Distinct summer and winter bacterial communities in the active layer of Svalbard permafrost revealed by DNA- and RNA-based analyses.

Front Microbiol 2015 30;6:399. Epub 2015 Apr 30.

Department of Geosciences and Natural Resource Management, Center for Permafrost, University of Copenhagen Copenhagen, Denmark ; Department of Biology, University of Copenhagen Copenhagen, Denmark.
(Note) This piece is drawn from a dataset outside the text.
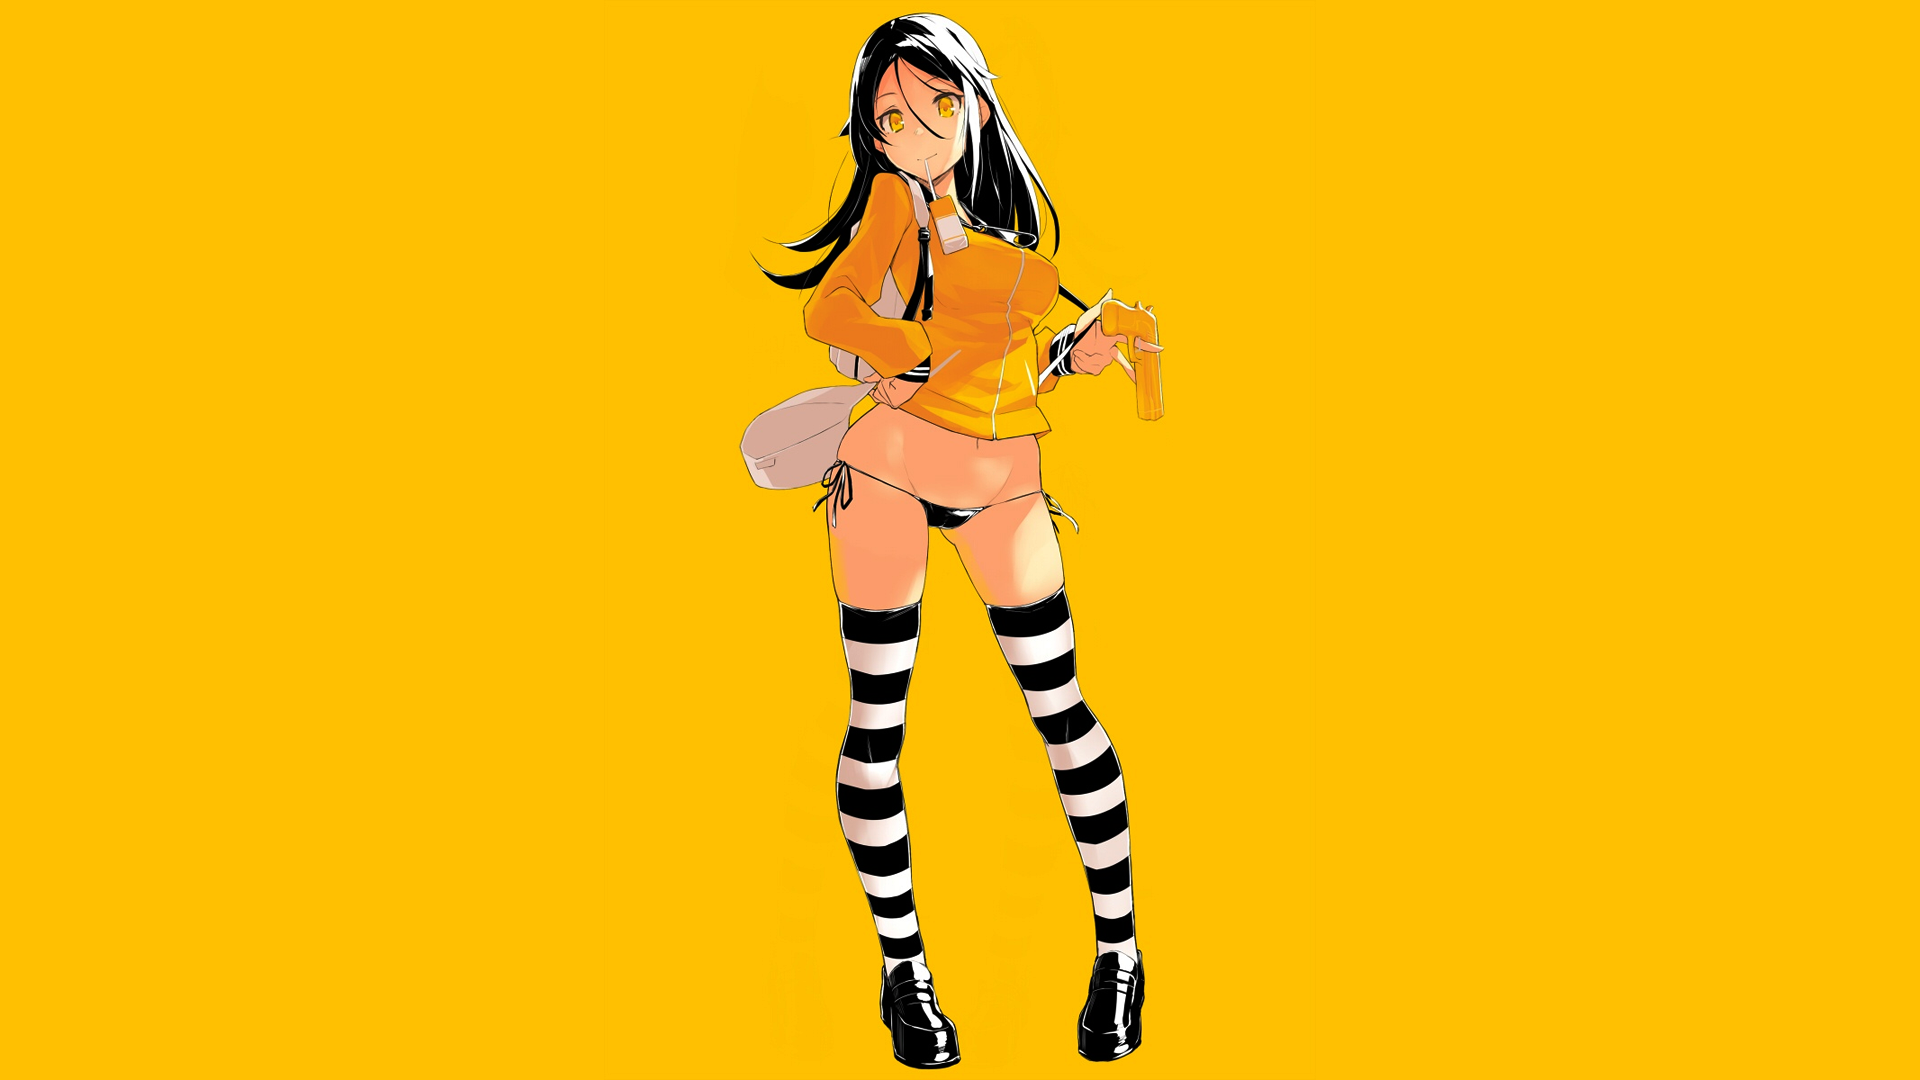 Anime 1920x1080 anime manga anime girls simple background minimalism panties stockings yellow black hair original characters striped stockings

The active layer of soil overlaying permafrost in the Arctic is subjected to dramatic annual changes in temperature and soil chemistry, which likely affect bacterial activity and community structure. We studied seasonal variations in the bacterial community of active layer soil from Svalbard (78°N) by co-extracting DNA and RNA from 12 soil cores collected monthly over a year. PCR amplicons of 16S rRNA genes (DNA) and reverse transcribed transcripts (cDNA) were quantified and sequenced to test for the effect of low winter temperature and seasonal variation in concentration of easily degradable organic matter on the bacterial communities. The copy number of 16S rRNA genes and transcripts revealed no distinct seasonal changes indicating potential bacterial activity during winter despite soil temperatures well below -10°C. Multivariate statistical analysis of the bacterial diversity data (DNA and cDNA libraries) revealed a season-based clustering of the samples, and, e.g., the relative abundance of potentially active Cyanobacteria peaked in June and Alphaproteobacteria increased over the summer and then declined from October to November. The structure of the bulk (DNA-based) community was significantly correlated with pH and dissolved organic carbon, while the potentially active (RNA-based) community structure was not significantly correlated with any of the measured soil parameters. A large fraction of the 16S rRNA transcripts was assigned to nitrogen-fixing bacteria (up to 24% in June) and phototrophic organisms (up to 48% in June) illustrating the potential importance of nitrogen fixation in otherwise nitrogen poor Arctic ecosystems and of phototrophic bacterial activity on the soil surface.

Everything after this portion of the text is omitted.